Terra-i uses NDVI data as well as the quality assessment data provided with a 16 days frequency and a 250m spatial resolution by the MOD13Q1 product.
TRMM precipitation data (view)
The Precipitation Radar (PR) aboard the satellite Tropical Rainfall Measuring Mission (TRMM) is the first weather radar designed to measure the vertical structure of tropospheric precipitation in the tropics and subtropics. [Kozu et al., 2001]. Terra-i uses data from the TRMM precipitation sensor with a measurement frequency of 3 hours and a resolution of 28km.
Global Precipitation Measurement (GPM) is an international satellite mission to provide next-generation observations of rain and snow worldwide every three hours. NASA and the Japanese Aerospace Exploration Agency (JAXA) launched the GPM Core Observatory satellite on February 27th, 2014, carrying advanced instruments that set a new standard for precipitation measurements from space. The data they provide is used to unify precipitation measurements made by an international network of partner satellites to quantify when, where, and how much it rains or snows around the world.
The GPM mission contributes to advancing our understanding of Earth's water and energy cycles, improves the forecasting of extreme events that cause natural disasters, and extends current capabilities of using satellite precipitation information to directly benefit society.
Water bodies presence data from MODIS (view)
Terra-i uses the product MOD35 (Cloud Mask) in its final stage of processing to mask the presence of water pixels and thus filter habitat change detections due to flooding and/or increases of water bodies.

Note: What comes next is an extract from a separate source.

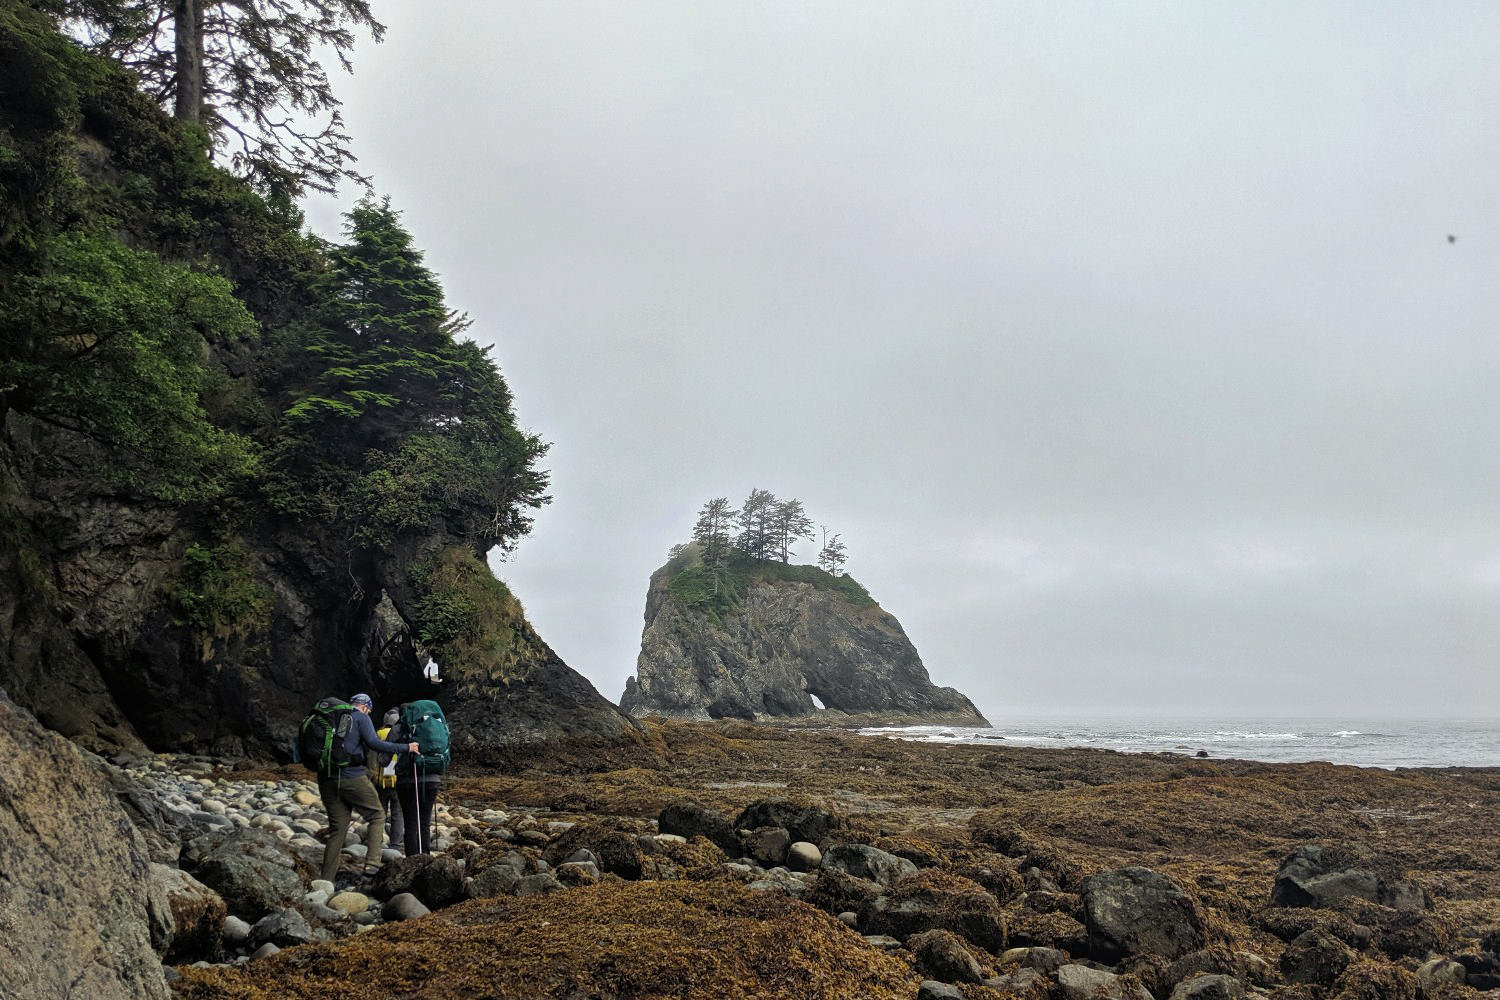 North Coast Route Backpacking Guide - IMG 20190617 103258 01 1500x1000

The new MODIS 250 m land-water mask (Short Name: MOD44W) is an improvement over the existing MODIS Nadir Bidirectional Reflectance Distribution Function (BRDF)-Adjusted Reflectance (NBAR) and MODIS land cover-based global land-water mask (Salomon et al., 2004). The MODIS NBAR and land cover–based mask was itself an improved version of the EOS DEM-based land-water mask (Logan et al., 1999). The new MODIS 250 m mask is primarily created with three different data inputs:
The Shuttle Radar Topography Mission’s (SRTM) Water Body Dataset (SWBD) (Areas between 60° S to 60° N);
The MOD44C, a non-public, 250 m global 16-day composite collection based on 8+ years of Terra MODIS data, and 6+ years of Aqua MODIS data. This data set originally provided the input to produce the Vegetative Cover Conversion, and Vegetative Continuous Fields products (Areas between 60° N to 90° N); and
The MODIS–based Mosaic of Antarctica (MOA), which is a 250 m MODIS level-1b mosaic for Antarctica (Areas within Antarctica between 60° S and 90° S).
Other appropriate and publicly available data sets were also used to supplement the production of the MODIS 250 m land–water mask. Additional details regarding the methodology are available in the User Guide.
This marks the first time that such a global MODIS-SRTM land-water mask is offered publicly to end-users. This data set is provided in the same gridded tile structure that is common to several higher-level MODIS land products.
Terra-i generates maps of habitat changes every 16 days for each MODIS tile in Latin America from 2004 to the current date.